Winner (Autobiography) London Book Festival 2024
From the Publisher: “When we are young, we think little about growing old. But time soon catches up with us: the first gray hair, a buckling knee, the purchase of reading glasses, or when a heart attack at the age of 56 rattles your world and reminds you that none of us gets out of here alive. In this meditative and intimate personal narrative on the act of aging, David W. Berner discovers how to accept and revel in the present, when the days that remain are fewer than those that have passed and offers a path for celebrating life’s final chapters. Through the lessons of seasonal change, the natural world, literature, and spirituality, Berner gives us a kind of instruction book on the art of growing older, challenging us to accept aging’s transformative powers. As a keen observer of the world, he forms a guiding philosophy on how to discover joy in the time we have left and nourishment in life’s remaining seasons.”
More info About the Author: David W. Berner grew up in the South Hills of Pittsburgh. He is a graduate of Baldwin High School and Clarion University, Clarion, Pennsylvania. He worked as radio journalist in Pittsburgh for several years before moving to Chicago. He has been honored as the Writer-in-Residence at the Jack Kerouac Project in Orlando and the Ernest Hemingway Birthplace Home and Museum in Oak Park, Illinois. Daylight Saving Time is his 12th book and is available now for pre-order.
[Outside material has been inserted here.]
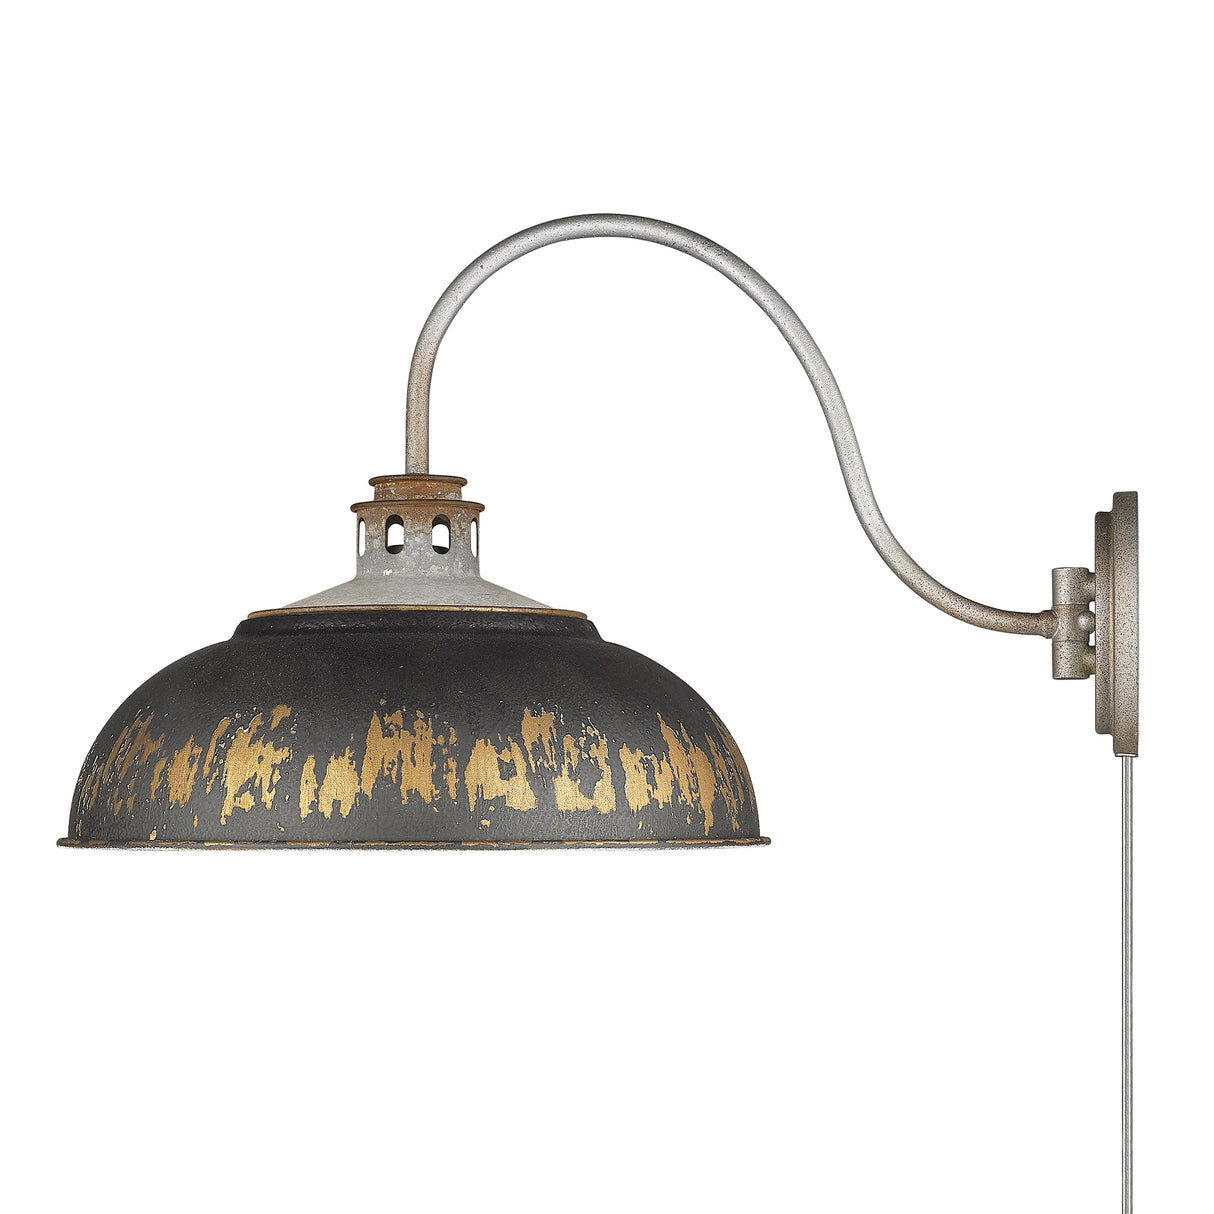 Kinsley 1 Light Articulating Wall Sconce in Aged Galvanized Steel with Antique Black Iron Shade

“A candidly told, thought-provoking, important book.” —The Prairies Book Review
“The lovely prose and the ability to find meaning and pleasure in so many of his daily activities made this work feel like I was wrapping myself up in a cozy blanket. . . most of all, it made me wish this book hadn’t ended.” —Manhattan Book Review
“An authentic and touching memoir that delves into the complexities of aging, offering profound insights and heartfelt reflections on life’s journey.” —Book Excellence Review
“Daylight Saving Time is a fascinating read, (the author) writes with a gentle beauty and grace.” —Readers’ Favorite Review
“David W. Berner offers a contemplative memoir that navigates the themes of time, change, and self-reflection. . . a thoughtful examination of life’s impermanence.” —Literary Titan
“A touching, introspective exploration of life as we age . . . an exploration of what it means to truly live the beauty of life before it’s gone.” —Ryan Lindner, Author of The Half-Known Life: What Matters Most When You’re Running Out of Time
“An authentic and moving narrative with fittingly beautiful and powerful writing.” —International Review of Books
“A candid reflection on life . . . at a time when the trail’s end is closer than where it began.” —Midwest Book Review
Southwest Pennsylvania is a great steel beam that holds me true, arrow straight and unbendable. If you grow up in a steel town, you stand upright and proud. Not prideful, just undeniably certain of where you come from. No pretense. No Hollywood. Steel town people have a hard-edged will, no gray in their truths. They will give you their very best if they know that you will do the same. If they are not deer hunters or bass fisherman, do not drink beer from long-neck bottles, or do not live and die by the sporting games grown men play, then they love someone who does. They prefer mountains to prairies, and rivers to oceans. They are raised in cold winters, and sticky summers, and beneath the ringing bells of churches where women wear hats and men wear ties, and little boys and girls hold out their hands and their tongues to take the holy wafer. Grandmothers live within walking distance. Fathers’ garages hold treasures—odd nails, strange screws, and hammers with carved wooden handles. Mothers’ kitchens never lose the aroma of coffee, a hot skillet, toasted bread, or salty broth. It is the America where the blue-collar man, the working class, was born. It doesn’t matter if you never toiled in a mill; it only matters that the ones before you did, big men who bulged from their shirts, who celebrated with a shot and a beer, who inhaled smoky air and then demanded their industrialist bosses find a better way, the men who insisted that the steel they produced also produced durable men who could live to love their families for a long time. Those unbendable beams—the real and the ones constructed in men’s souls—remain, holding up everything.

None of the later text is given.